B. H.R. 1614 AND THE BUREAUCRACY

Although primary responsibility for OCS supervision is given to the Secretary of the Interior, certain responsibilities are given to other agencies and Departments. For example, Coast Guard, the Army, OSHA, and the Office of Pipeline Safety are granted authority, and with this authority the responsibility, for promulgation and enforcement of certain regulations. Of course, other

agencies and departments have responsibilities under other laws for OCs and OCS-related activity. One key function of H.R. 1614 is to provide for coordinated Federal action, by limiting duplication of effort, overregulation, and conflicting standards. Thus, the leasing program required by section 18 is to be prepared and promulgated after extensive consultation with other agencies. Regulations, and enforcement of those regulations are required to be after necessary consultation and are to be coordinated.

Preparation of reports, environmental assessments, environmental impact statements, and resource information are to be cooperatively undertaken and generally coordinated under the leadership of the Secretary of the Interior. Information prepared by one agency, or expertise developed by another, are to be used to the maximum extent possible to limit costs and avoid delays. Permits, licenses and leasing requirements are to be coordinated to facilitate "one-stop” shopping by those involved in OCS activities. The Secretary of the Interior is to prepare a compilation of all regulations, from whatever source, to facilitate a total comprehension of the OCS regulatory structure.
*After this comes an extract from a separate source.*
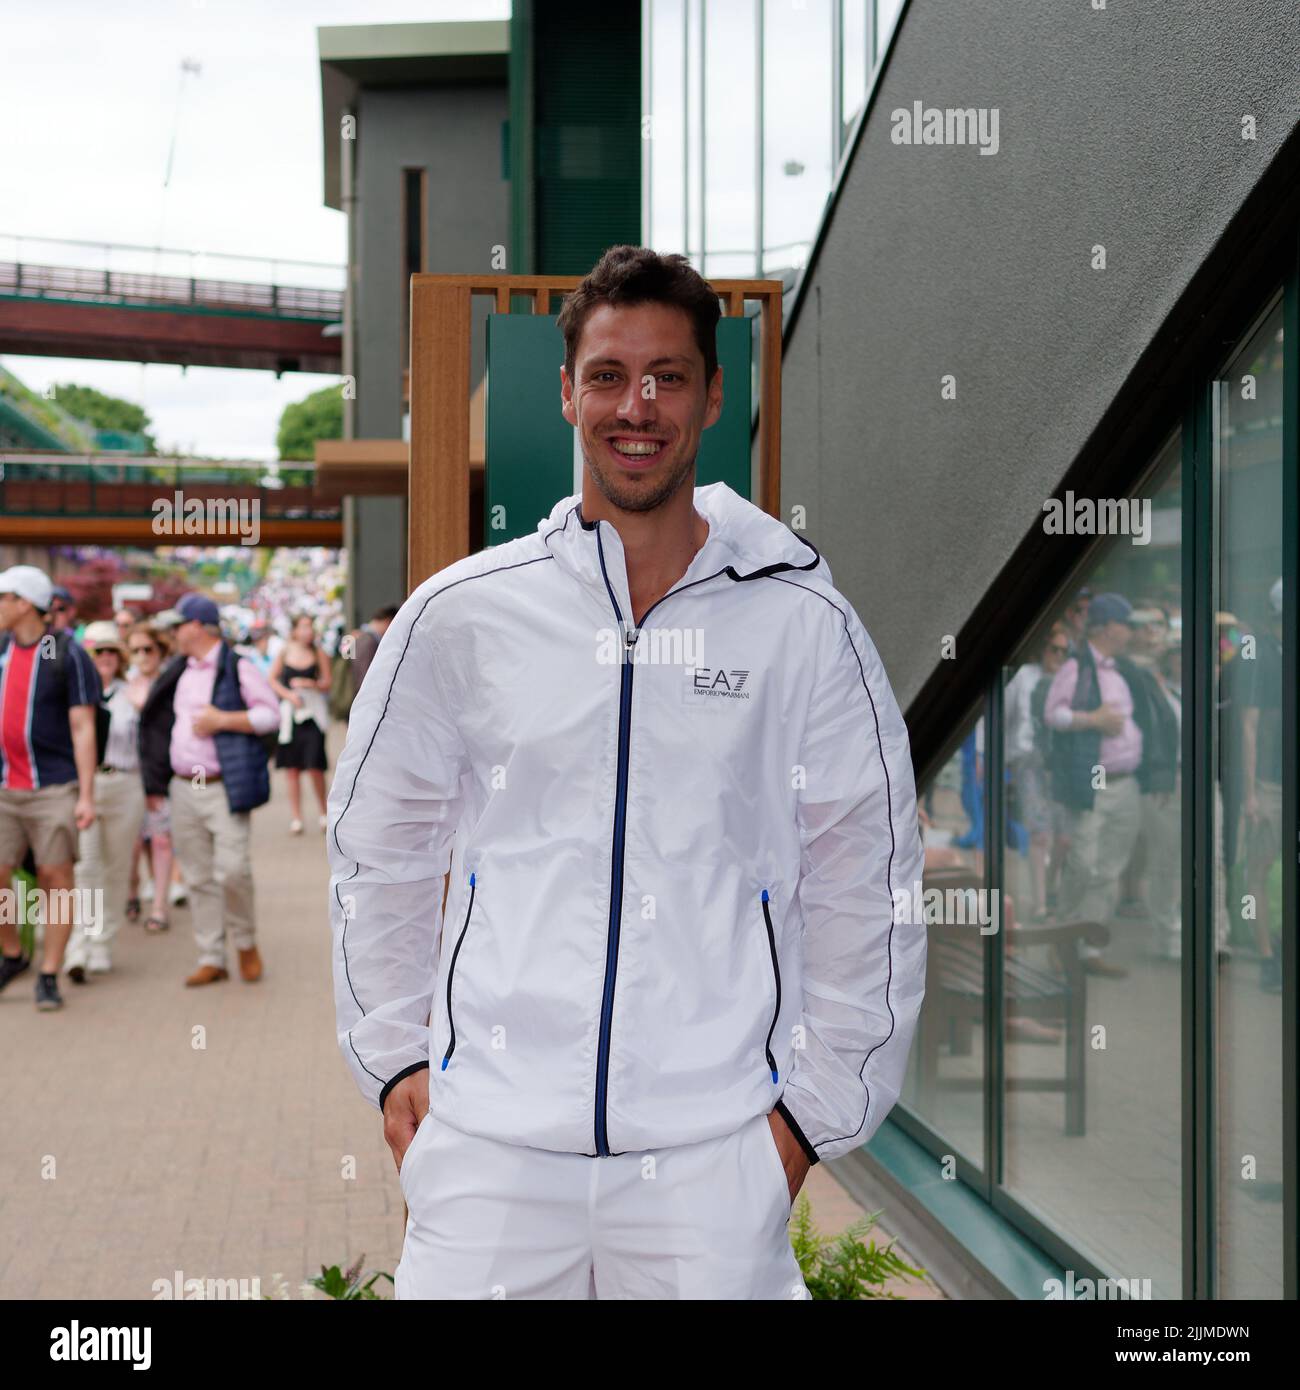 Wimbledon, Grand Londres, Angleterre, 02 juillet 2022: Championnat de tennis de Wimbledon. Un joueur de tennis sourit pour une photo avant de jouer un match. Banque D'Images

In addition, H.R. 1614 includes provisions to increase public confidence in governmental activity. More information is to be provided and increased participation granted to states and citizens as to OCS activity at all stages in the planning, leasing, regulatory, and enforcement process.

Potential conflicts of interests are limited by requirements for financial disclosure and by restrictions on future employment by supervising government personnel.
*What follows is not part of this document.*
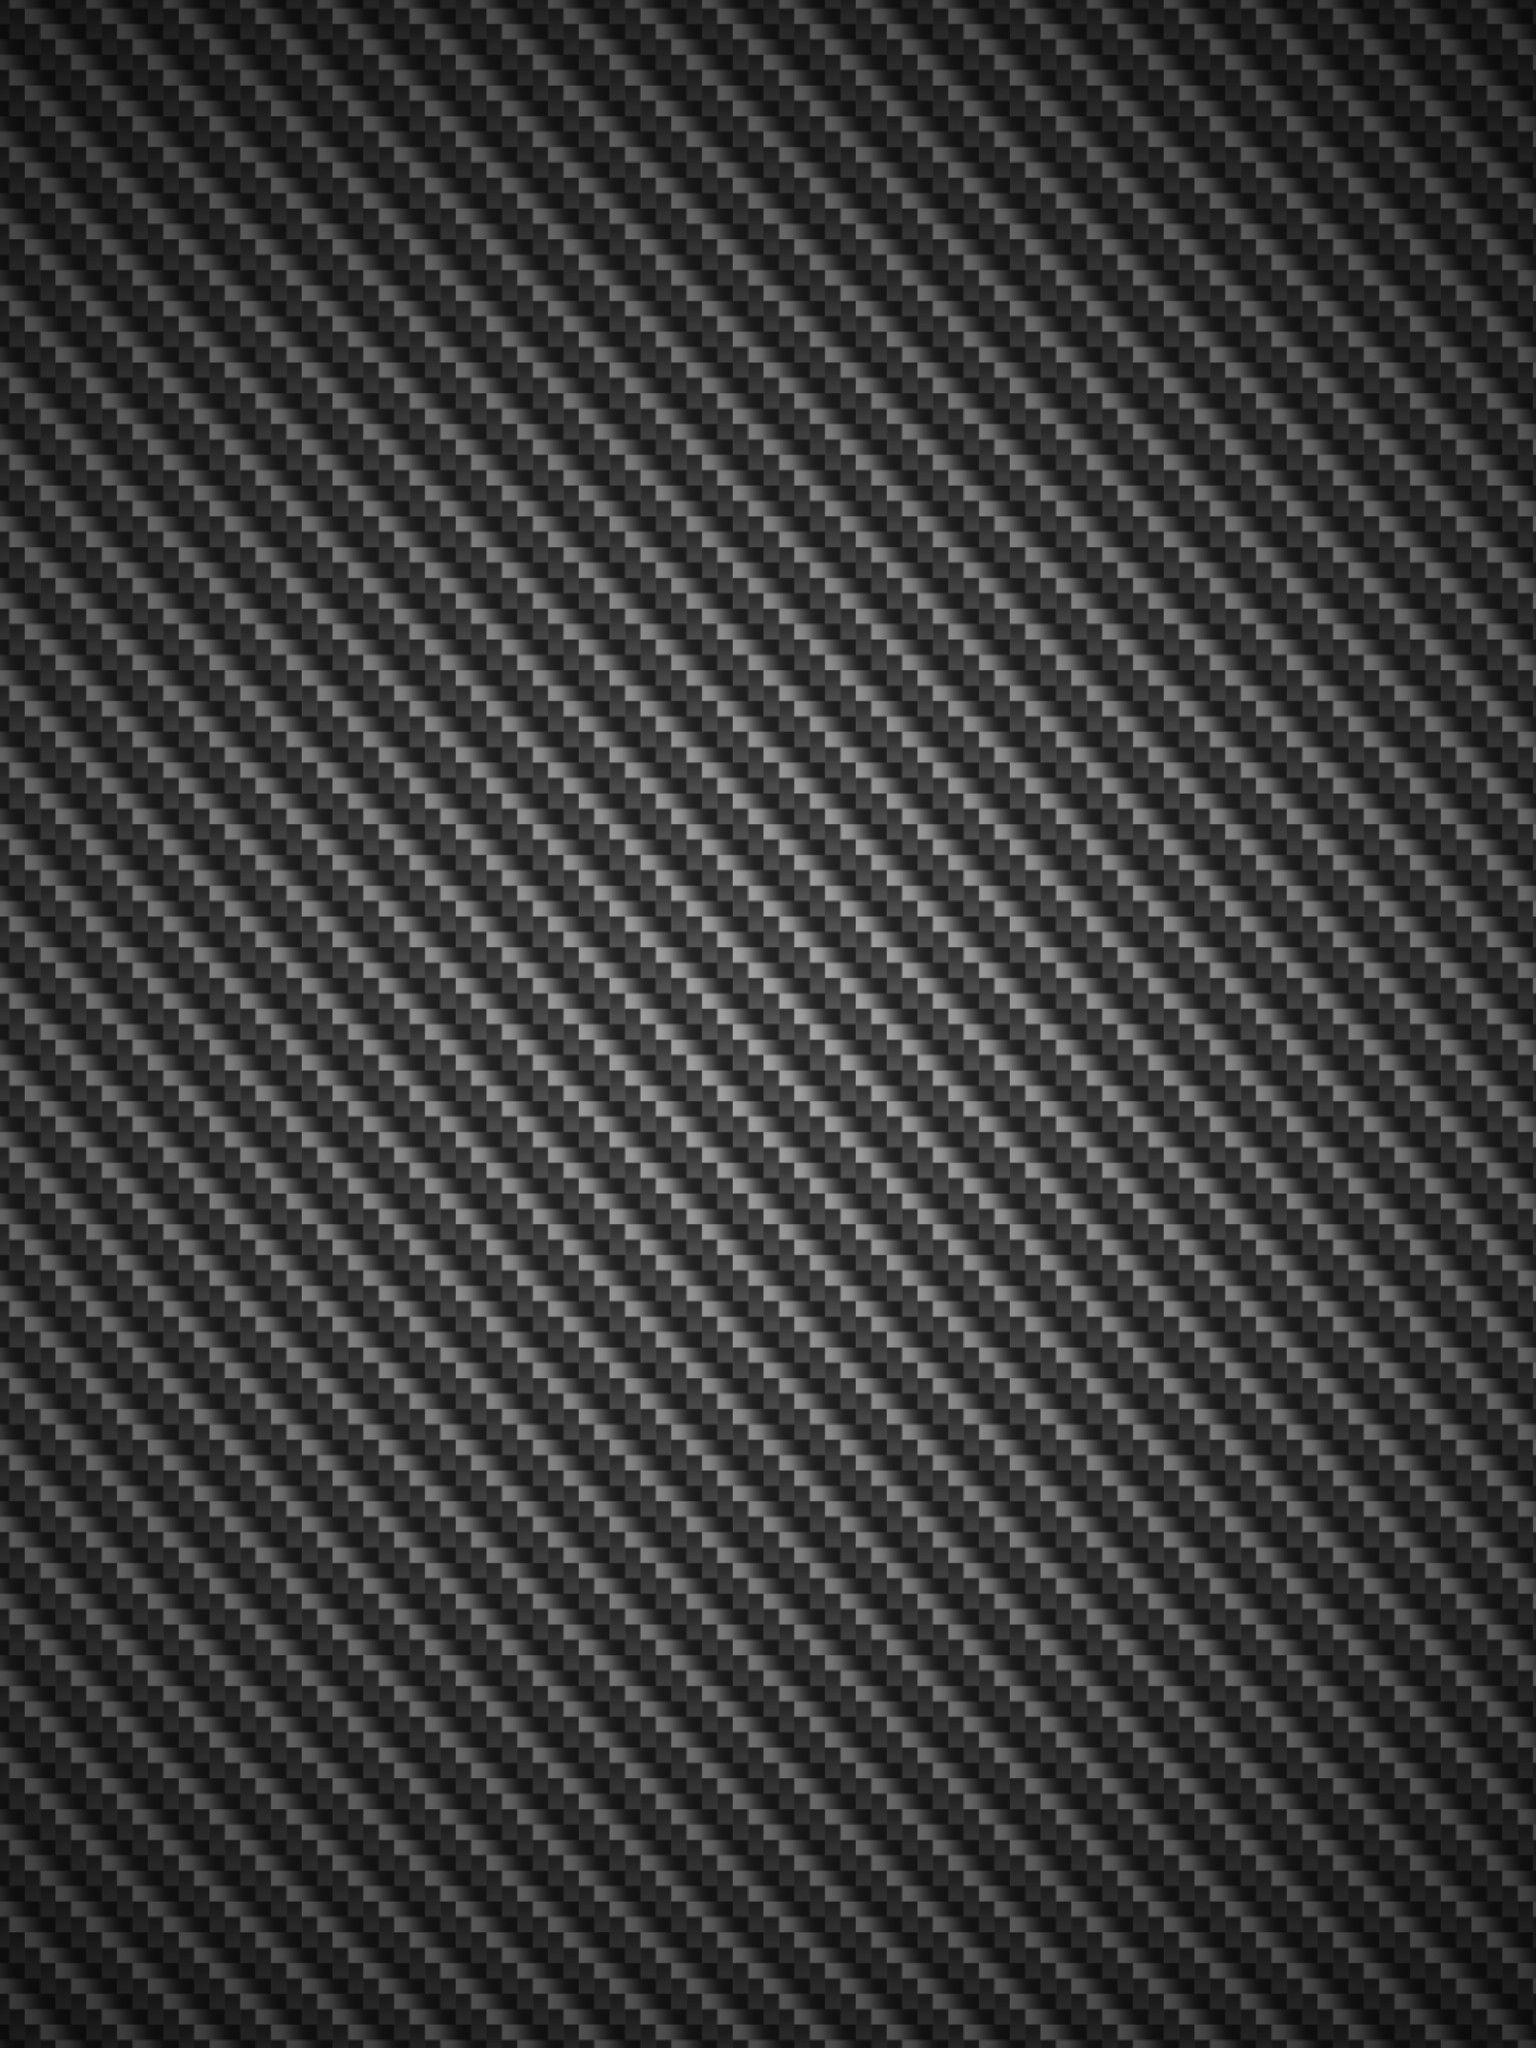 Carbon Fiber Wallpapers Iphone Wallpaper Cave

C. H.R. 1614 AND THE ENERGY INDUSTRY

Lessees and permittees will face more and stricter regulations and enforcement as a result of this legislation. However, they will also enjoy less red tape, fewer delays, and greater certainty about the political environment in which they are operating. In addition, certain elements of the energy industry will be assured a larger role in OCS activities.

As described above, industry complaints about "overregulation” should be reduced by H.R. 1614 and its provisions providing for coordination and facilitating "one-stop” shopping. In addition, specific provisions have been included in the bill to eliminate unnecessary delays.

While a new leasing program is being prepared and promulgated, leasing activities are to continue. Environmental studies are generally

to be conducted before or while exploration activities are conducted. Retroactive regulations are not permitted if they cause undue delay and are not essential. Requirements for exploration plans, and development and production plans are generally limited to unexplored areas and are not applicable to activities already commenced or approved. In general, the natural stages of the OCS process are used, and the increased and updated requirements applied, so as to limit undue interference and delays.

Private energy companies will continue to be the major explorers for oil and gas, and the developers and producers of these resources.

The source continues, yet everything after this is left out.